A device was soon found for ejecting the loyal clergy, all, indeed, who were not prepared to go all lengths with the root-and-branch men. The better to secure the assistance of the Scotch against the king, the two houses passed an act that the covenant should be taken, whereby all who subscribed it bound themselves to endeavour the extirpation of episcopal church government. All persons above the age of eighteen were required to take it; and such ministers as refused were reported to parliament as malignants, and proceeded against accordingly. No fewer than seven thousand clergymen were upon this ground ejected from their livings, so faithful were the great body of the clergy in the worst of times. The extent of private misery and ruin which this occasioned aggravated in no slight degree the calamities of civil war. It was not till some years had elapsed that a fifth part of the income was ordered to be paid to the wives and children of the sequestered ministers. The order had no retrospective effect; in most cases it was disregarded, for the principles by which the intrusive incumbents obtained their preferment very generally hardened their hearts, and the claimants were wholly at their mercy; and, even had it been scrupulously paid, few were the cases wherein such a provision could have preserved the injured parties from utter want. The treatment, indeed, of the loyal clergy, was to the last degree inhuman. Neither eminent talents, nor distinguished learning, nor exemplary virtues, could atone for the crime of fidelity to their order and their king. Chillingworth fell into the hands of sir William Waller as a prisoner. He was of feeble constitution, and ill at the time; but, instead of showing that reverence to his person which he would have obtained from any noble enemy, the Puritan clergy, who attended Waller's army, used him with such barbarity that he died within a few days; nor did their inhumanity cease even with his death, for Cheynel, one of the most outrageous preachers of the party, pronounced a speech of infamous abuse over his grave, and threw into it, to rot, as he said, with its author, that book for which the name of Chillingworth ought to have been dear, not to the Church of England only, but to the whole Protestant world. In his case a peculiar degree of rancour may have been displayed because Laud was his godfather and patron, and had reclaimed him from the Romish religion, into which he had been led astray; recovering thus for the

Protestant cause one of its ablest and most distinguished champions. But even the doctrinal Puritans, who, opposing the Church on too many points, had thereby contributed to the success of those whom nothing short of its destruction would satisfy, were involved, without discrimination and without pity, in its ruin. They came under the common appellation of malignants, and perceived when too late that they had been in no slight degree instrumental to their own undoing. Prideaux, the bishop of Exeter,* who was reduced to such distress, that in his will he could bequeath his children nothing but "pious poverty, God's blessing and a father's prayers," used in his latter days to say, that though he and Laud could never understand one another till it was too late, he now reverenced no man more, for that the prelate had wisely foreseen what lay hid to many others.

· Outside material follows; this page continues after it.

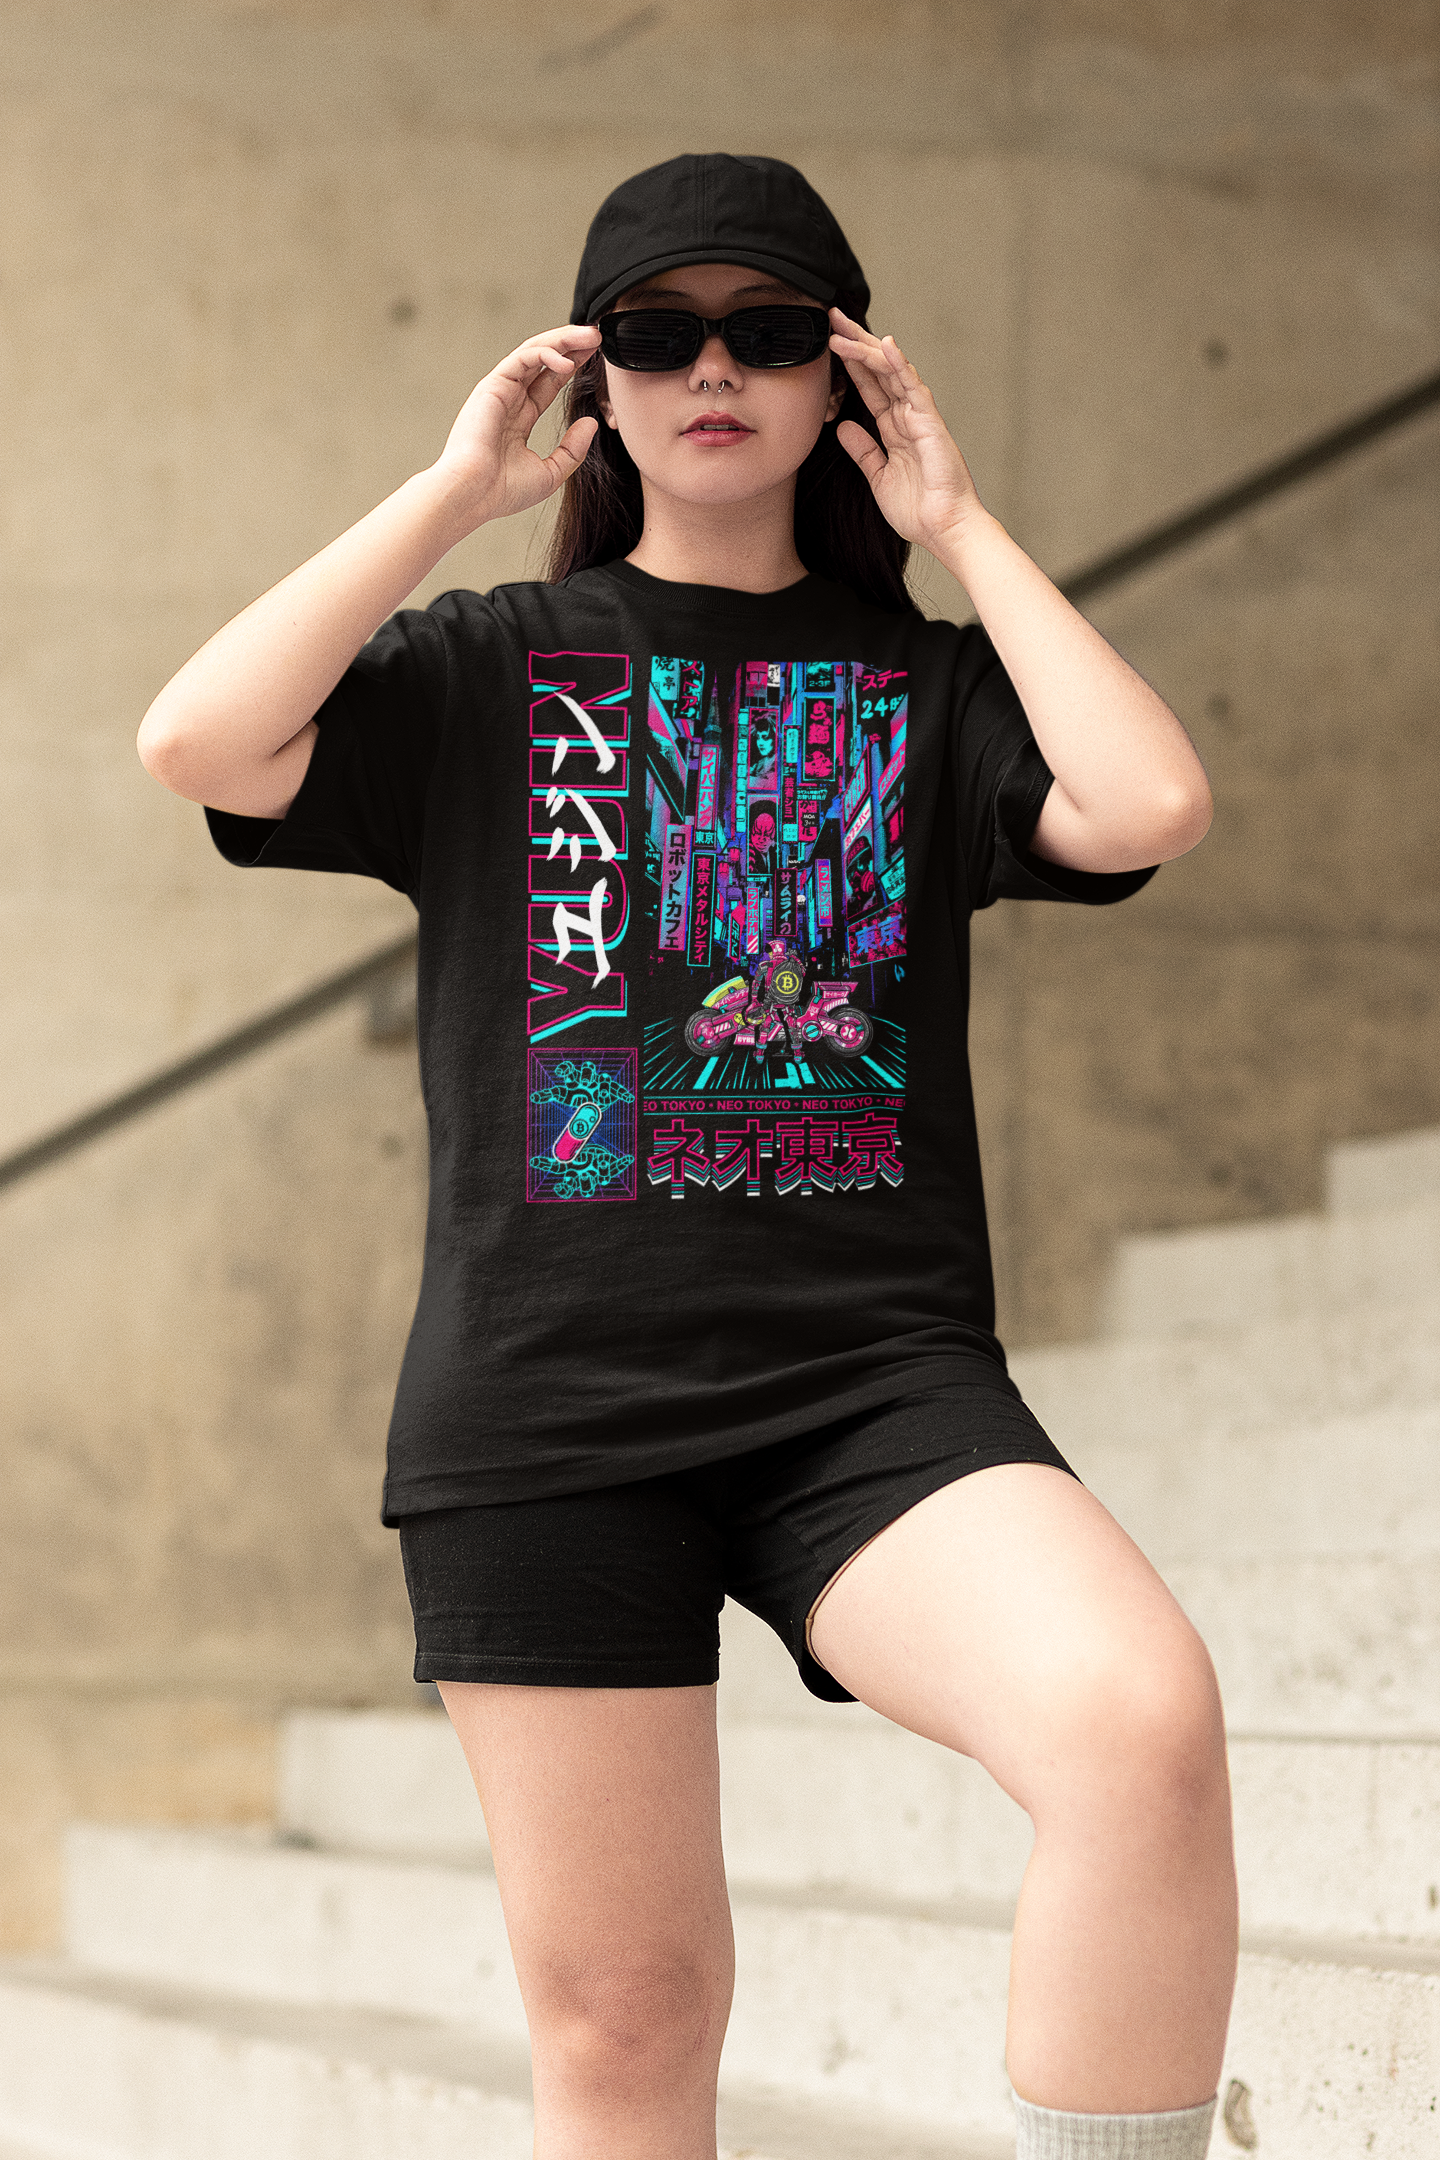 NEW LIMITED Anime Girl Japanese Aesthetic Design Great Gift Idea T-Shirt  S-3XL
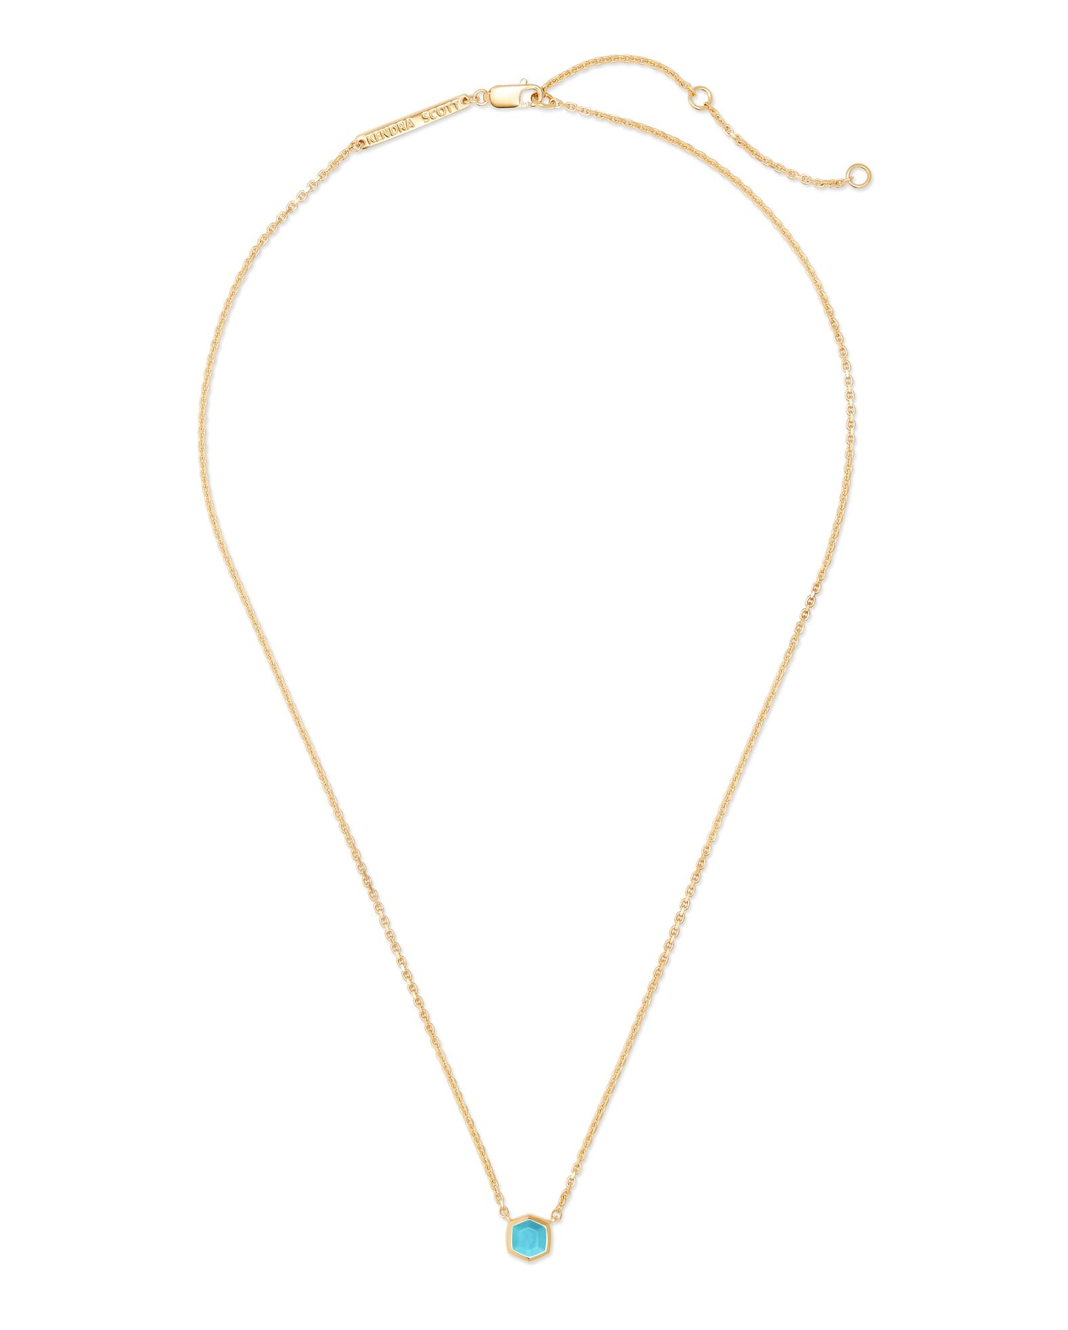 Davie Necklace in 18k Gold Vermeil Necklace in Turquoise | December

Such of the loyal clergy as were only plundered and turned out to find subsistence for their wives and families as they could, or to starve, were fortunate when compared with many of their brethren. Some were actually murdered; others perished in consequence of brutal usage, or of confinement in close, unwholesome prisons, or on shipboard, where they were crowded together under hatches day and night, without even straw to lie on. An intention was avowed of selling them as slaves to the plantations, or to the Turks and Algerines; and, though this was not carried into effect, it seems to have been more than a threat for the purpose of extorting large ransoms from those who could raise money, because, after the battle of Worcester, many of the prisoners were actually shipped to Barbadoes, and sold there.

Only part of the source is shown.